By the end of the film, Mei learns to keep and control her Red Panda and tells her mom in a heart-warming moment “My panda, my choice!” an obvious twist on “my body, my choice”.

People have taken that to be a pro-abortion message, when the real meaning couldn’t be further from the truth. She’s learned to embrace who she is, and she is going to live life on her own terms in a healthy way with her mother and father as friends and people who give guidance, as opposed to dictators who force her to hide who she is and what she likes.

TURNING RED is not a film out to turn your children into disobedient hellions.

It is a film inviting parents to have healthy conversations with their children about growing up, about maturing, about being honest with them.

Mei is messy because growing up is messy. She’s erratic. She says “crap” and day-dreams about kissing boys. She goes behind her mother’s back to live her own life until it comes to a dramatic and climactic head where both she and her mother learn more about each-other than they ever dreamed of. Not in-spite of their panda rage, but thanks to it.

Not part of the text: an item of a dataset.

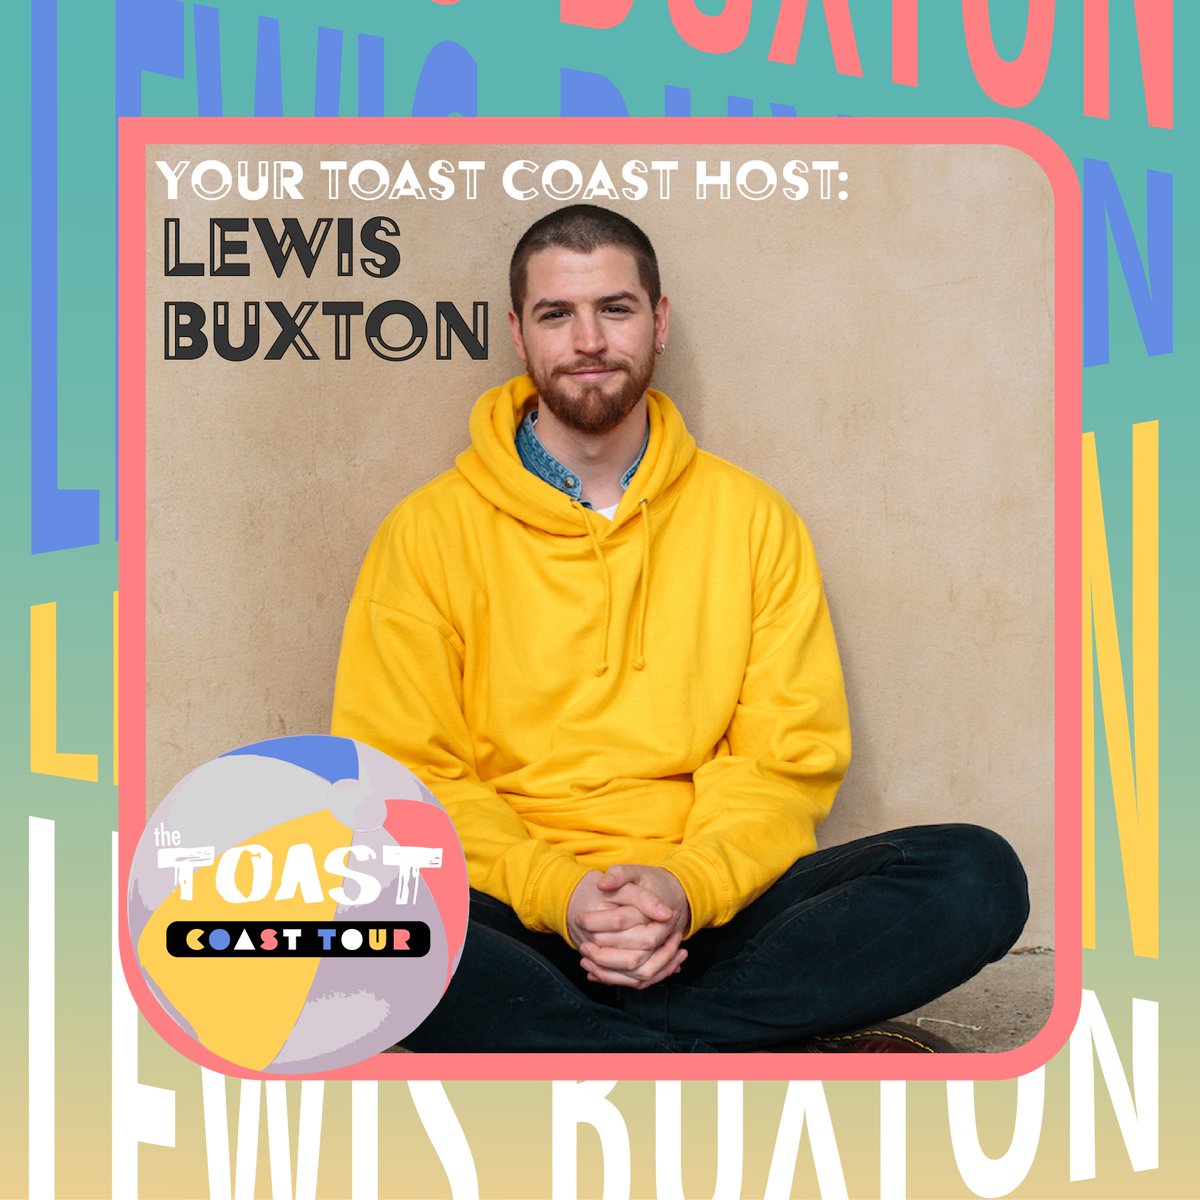 We love a trip to the seaside! Come to @SheringhamLT for an evening of poetry, spoken word and story telling. All hosted by @LewisBuxton93 sheringhamlittletheatre.com/shows/the-toas…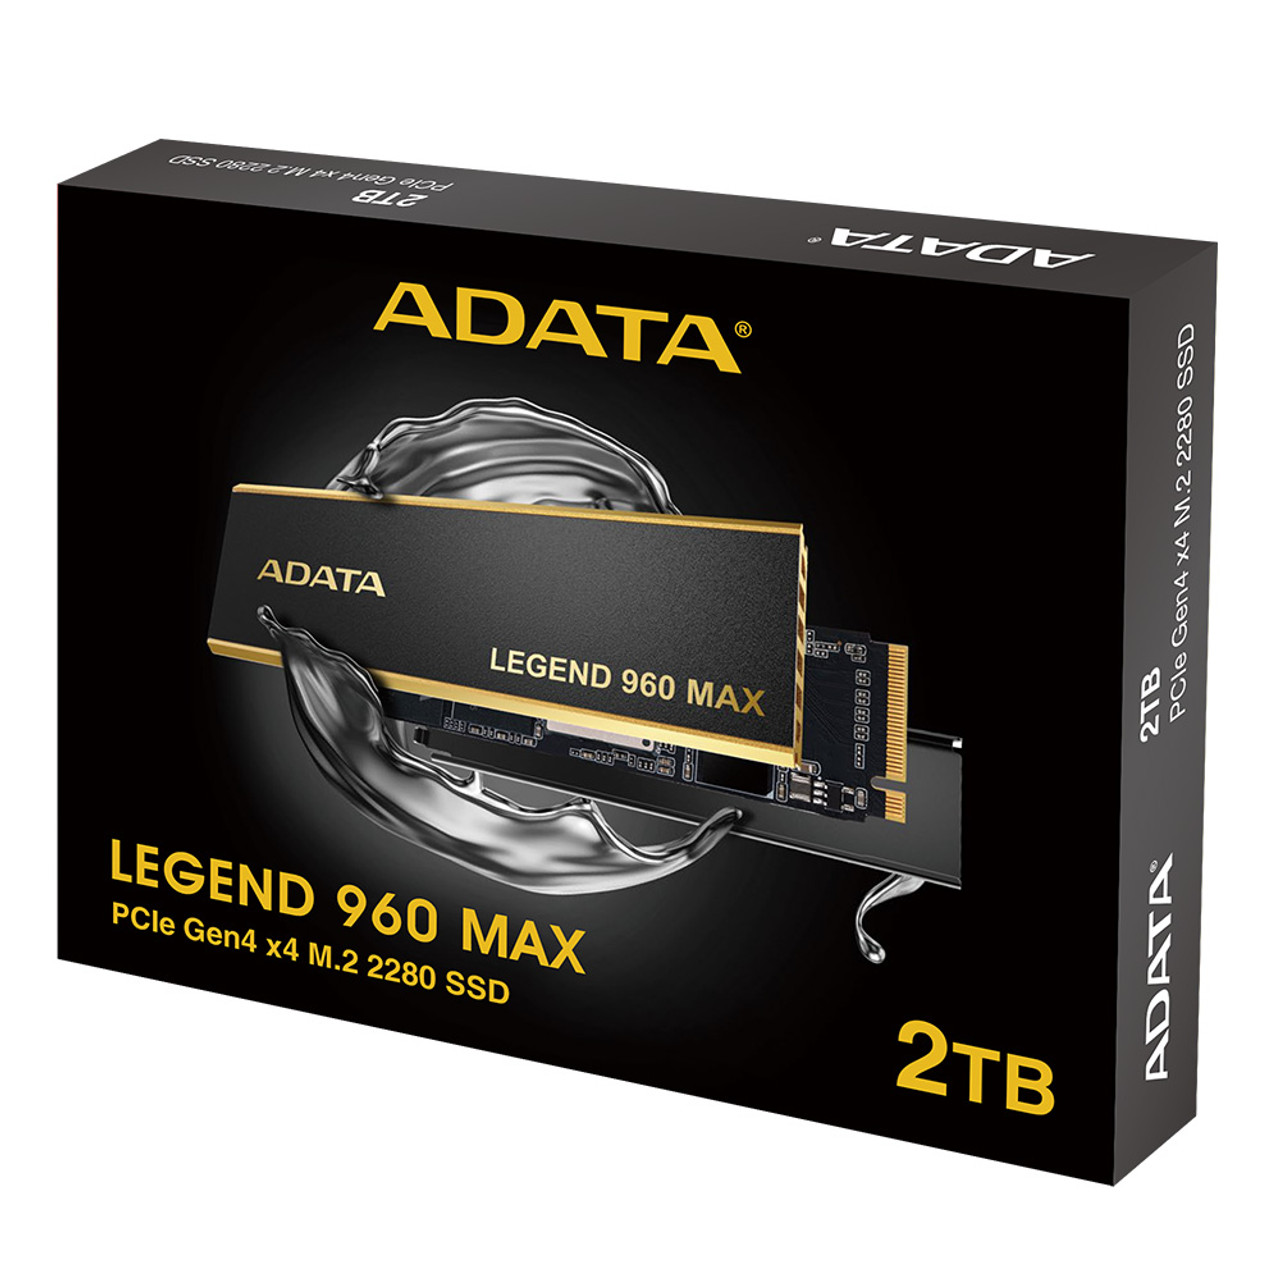 ADATA LEGEND 960 MAX 2TB M.2 2280 PCIe Gen4x4 Internal Solid State Drive, 1560TBW - SMI SM2264 3D NAND, Up to 7400 MBps - Black PS5 SSD 2 Terabyte

It is a film about generational trauma, and learning maybe some cycles (except the obvious menstrual one) can be broken.

If the idea of a PG-rated film that presents menstruation and growing up, the changing of one’s body, is so terrifying and awful for you as a parent, maybe you should watch CARRIE and skip to the scene where Carrie’s mother explains to her that periods are the work of the devil. Then skip to the end and see where that gets Carrie and all the poor souls that decided to bully her at prom.

Then, maybe, you might not think TURNING RED is the worst possible way to let your child find comfort in a film that tells them growing up isn’t a terrifying, sinful, act of defiance.